Comment Aborder Cette Saison Sans Tout Attendre Du Twist
Le réflexe, face à une indiscrétion, est de chercher le scoop. Qui part ? Qui reste ? Qui change de métier ? Ces questions sont légitimes. Elles ne devraient pourtant pas occulter le reste. La réussite de la saison 7 se jouera dans la texture des scènes, dans la façon dont le silence d’Astrid à Tokyo répondra à l’agitation de Raphaëlle en France.
Il faudra regarder les détails. Un appel manqué. Un dossier ouvert trop longtemps. Une phrase trop légère pour être anodine. Les grandes bascules, dans cette série, naissent rarement d’un discours solennel. Elles naissent d’un geste. D’un regard. D’une décision prise trop vite, puis reprise. C’est là que le récit a toujours été le plus juste.

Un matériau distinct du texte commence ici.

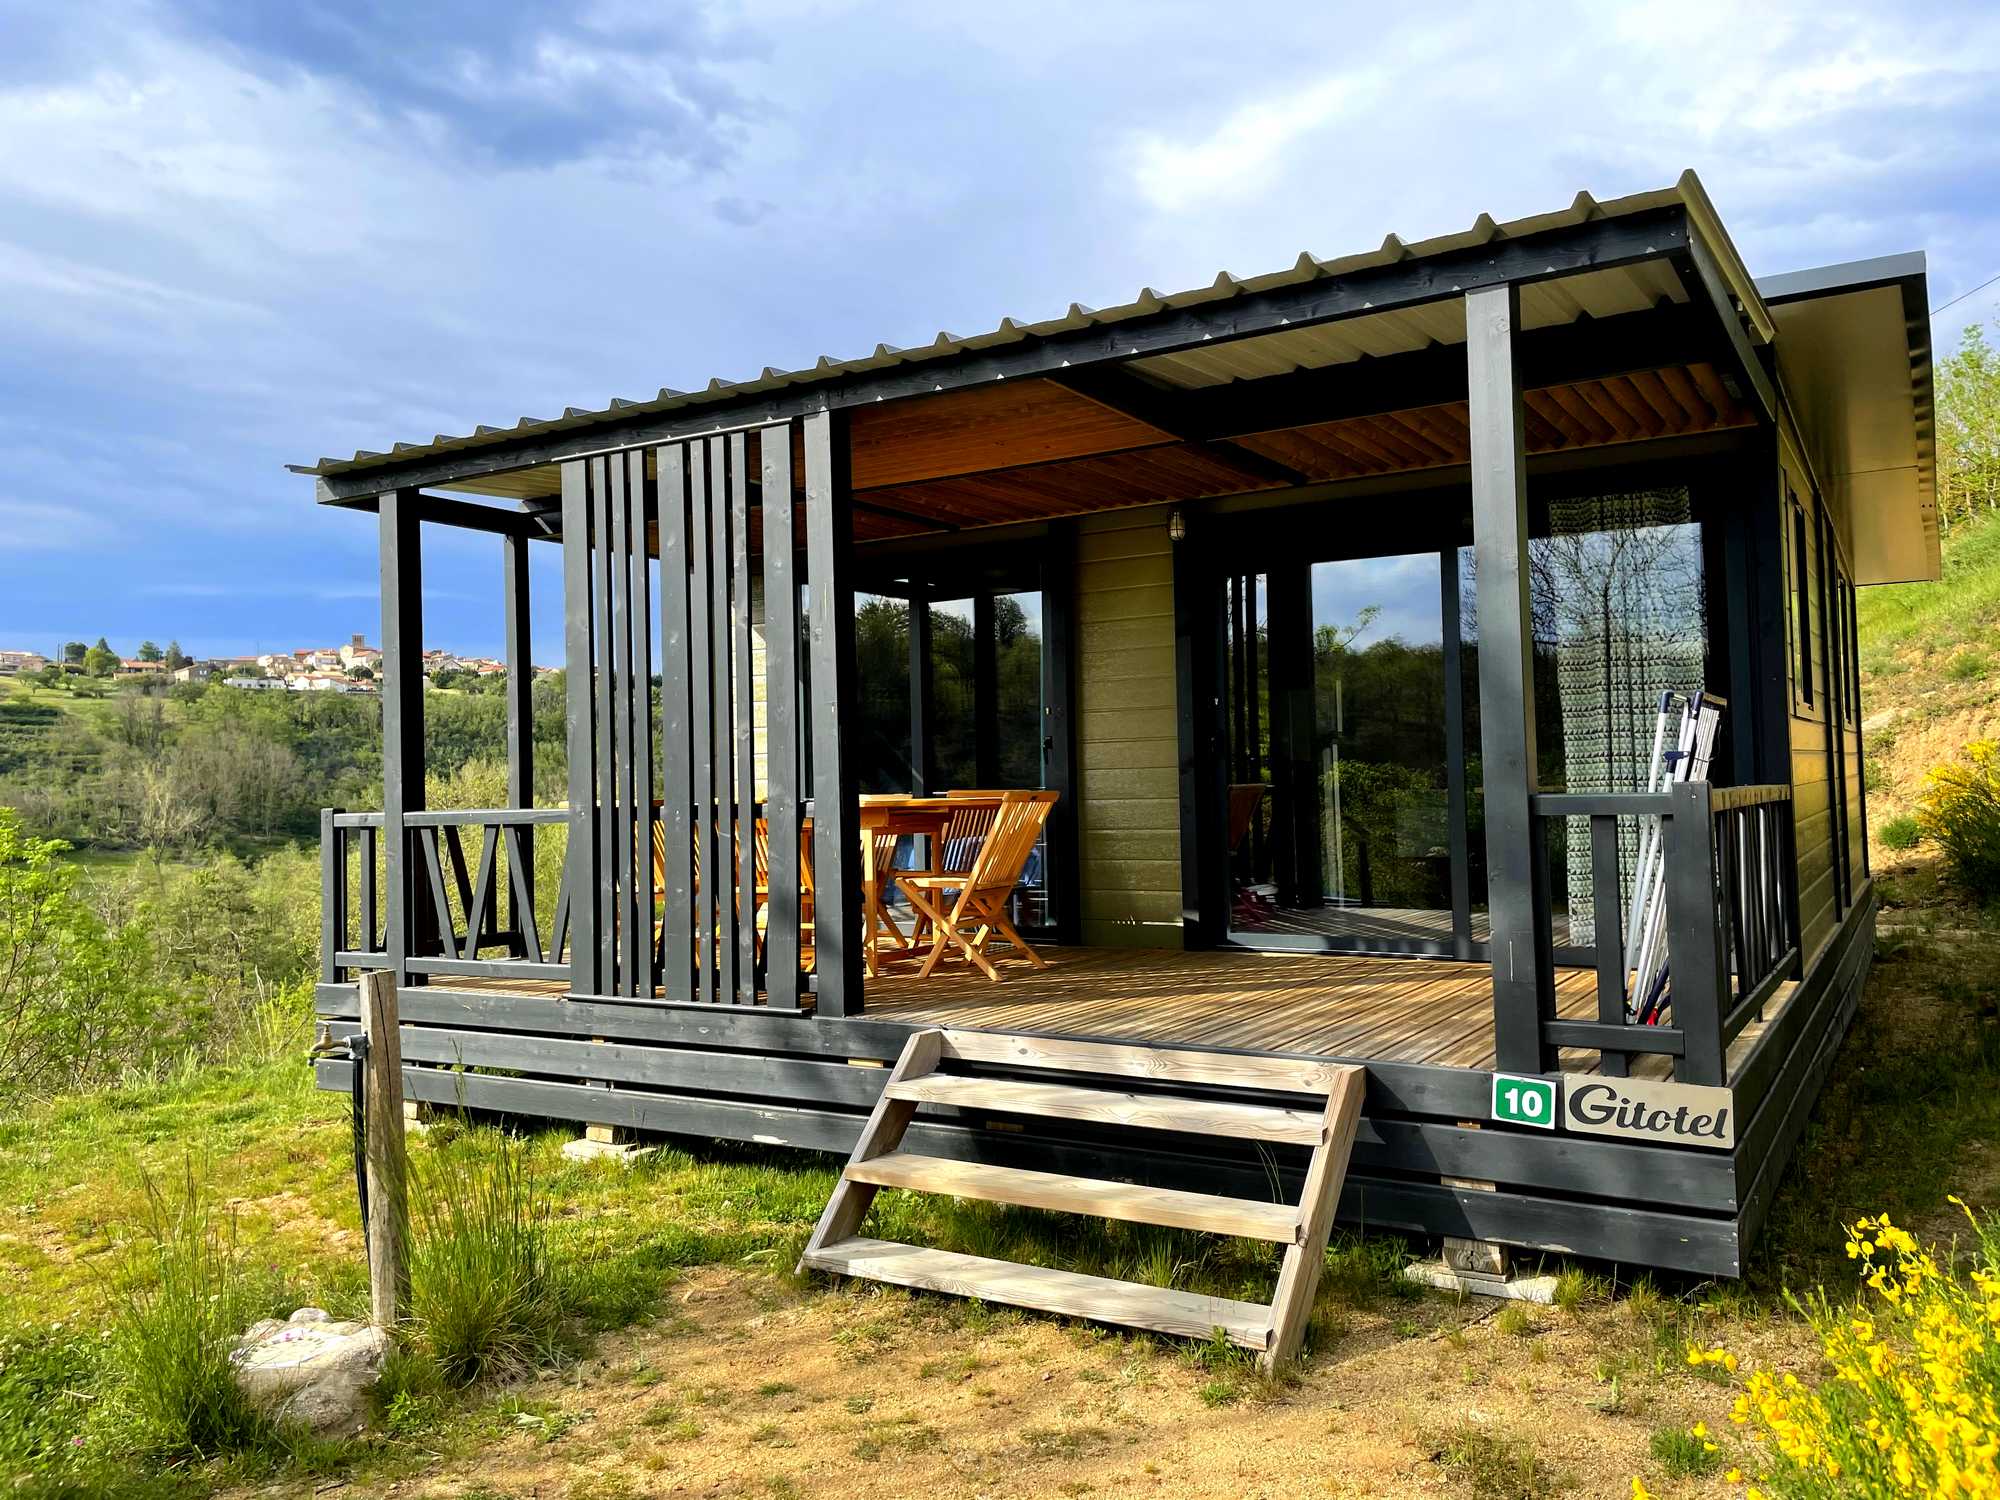 Mietunterkunft - Chalet Grand Panoramic 3 Schlafzimmer - 33M2, Überdachte Terrasse Von 14M2 Neu Für 2020 - Sites et Paysages L'Oasis

Les spectateurs les plus attachés au duo auront sans doute un pincement. Voir s’éloigner une mécanique que l’on aime est toujours un peu douloureux. Mais c’est aussi le signe qu’une fiction est encore vivante. Une série morte répète. Une série vivante tremble. Ces premières confidences font trembler le cadre, tout en le respectant.
Ce Que L’On Peut Déjà Retenir
Trois faits tiennent la route, et seulement trois. Astrid s’absente un temps vers Tokyo. Raphaëlle demeure en France. Cette dernière veut transformer sa vie, au point d’envisager un autre métier. Autour, tout est encore brume. La brume est précieuse. Elle laisse au récit le temps de surprendre vraiment.
Lola Dewaere, de son côté, assume la continuité sans se laisser enfermer. Elle aime ces rôles d’enquêtrices. Elle aimerait aussi d’autres territoires. Elle avance « doucement », dit-elle. Le mot est juste. Ni rupture spectaculaire, ni immobilisme. Une évolution à hauteur d’humaine. C’est probablement ce que le public demande encore à cette série : de grandir sans cesser d’être reconnaissable.
Quand les prochains épisodes arriveront à l’antenne, chacun jugera si le départ japonais n’était qu’un déplacement ou une métamorphose, si le doute de Raphaëlle n’était qu’une crise passagère ou le début d’un autre chapitre. Pour l’heure, une chose est déjà certaine : le tandem entre dans une zone moins confortable. Et c’est souvent là que les personnages deviennent inoubliables.
Reste à savoir comment ces deux mouvements — l’éloignement d’Astrid, la remise en question de Raphaëlle — se répondront vraiment. Lola Dewaere a ouvert la porte. Derrière, la saison 7 attend. Pas tout à fait la même. Pas encore tout à fait autre. Juste assez différente pour que l’on ait, déjà, très envie d’y entrer.